Читаем Последний бой Пересвета полностью

Яков отступил в сторону, стал возле кустов на краю склона, плавно спускающегося к реке. Он прицелился, выпустил стрелу, но она, лишь чиркнув Челубея по широкому лбу, исчезла в зарослях травы. Челубей утробно заурчал, на его бровях повисло несколько алых капель.

«Башка чугунная! В такого стрелы пускать – только злить понапрасну», – подумал Яшка, а Никита кинулся вперёд. Шестопёр и щит играючи отразили первый натиск Никиткиного меча. Сам Челубей нападать не пытался. Он, словно сквозь сон, наблюдал за тщетными потугами Никиты пробить его оборону. Медленно оборачиваясь вокруг себя, татарин отражал шестопёром выпады меча. Металл звенел, удары становились всё реже. Никита берёг силы, размышлял, выжидал случая напасть всерьёз. А Яков не сводил взгляда с Челубеева пояса, где у великана болтался кистень.

Вдруг Никита оступился, споткнулся о притаившийся в траве валун.

– Тую мею не имати, – усмехнулся Челубей.

Он просто метнул шестопёр и не более того. Конец с чугунными перьями ударил Никиту в грудь. Тропарь охнул, пошатнулся, выронил меч. А Челубей уж шагал к супротивнику широким шагом, щит бросил в траву за ненадобностью, а саблю из ножен так и не извлёк.

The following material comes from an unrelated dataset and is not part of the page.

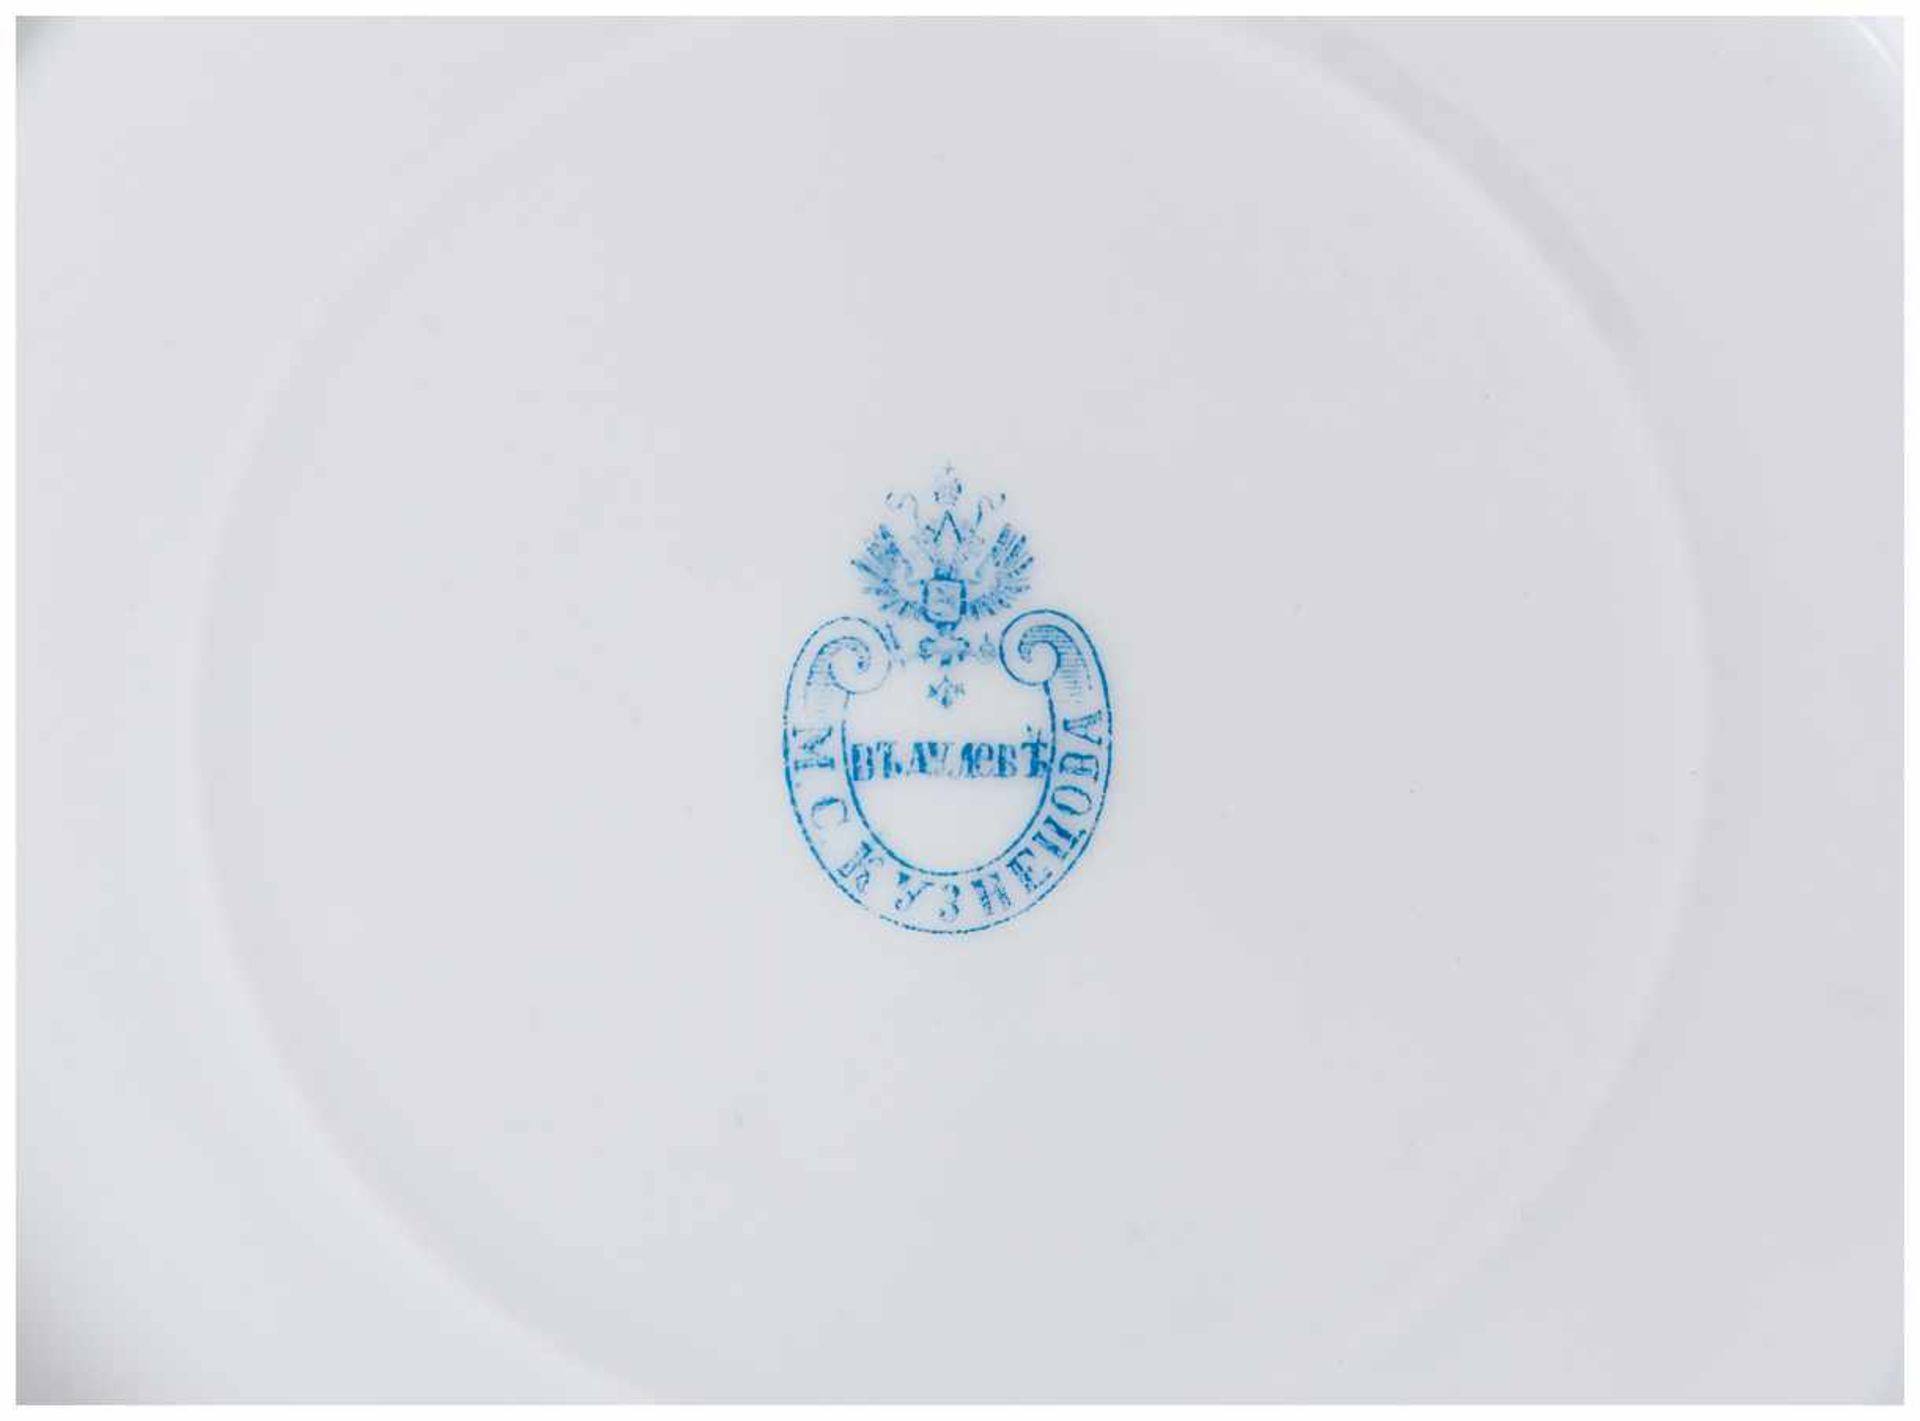 Los 28 - Service Porzellanmanufaktor Kuznetsov, Russland 1864 - 1889 26 teilig, wie abgebildet, Teller:

– Руби, Никита! – орал Яков. – Секи!

Тропарь успел снова обрести равновесие, он уж снова занёс меч для удара, но напасть не успел. Татарский витязь был уже рядом и, будто нарочно, подставил под удар левую руку. Лезвие меча скользнуло по гладкой поверхности кованого Челубеева наруча, а правой рукой татарский богатырь просто взял из руки Тропаря меч – так легко, будто отбирал игрушку у расшалившегося ребёнка. Челубей отбросил меч в сторону, затем схватил Тропаря одной рукой за ворот, другой – за широкий кожаный ремень, поднял над головой, размахнулся, кинул. Яков в изумлении выронил лук, пригнулся. Он услышал, как за спиной затрещали кусты, плеснула едва слышно речная вода.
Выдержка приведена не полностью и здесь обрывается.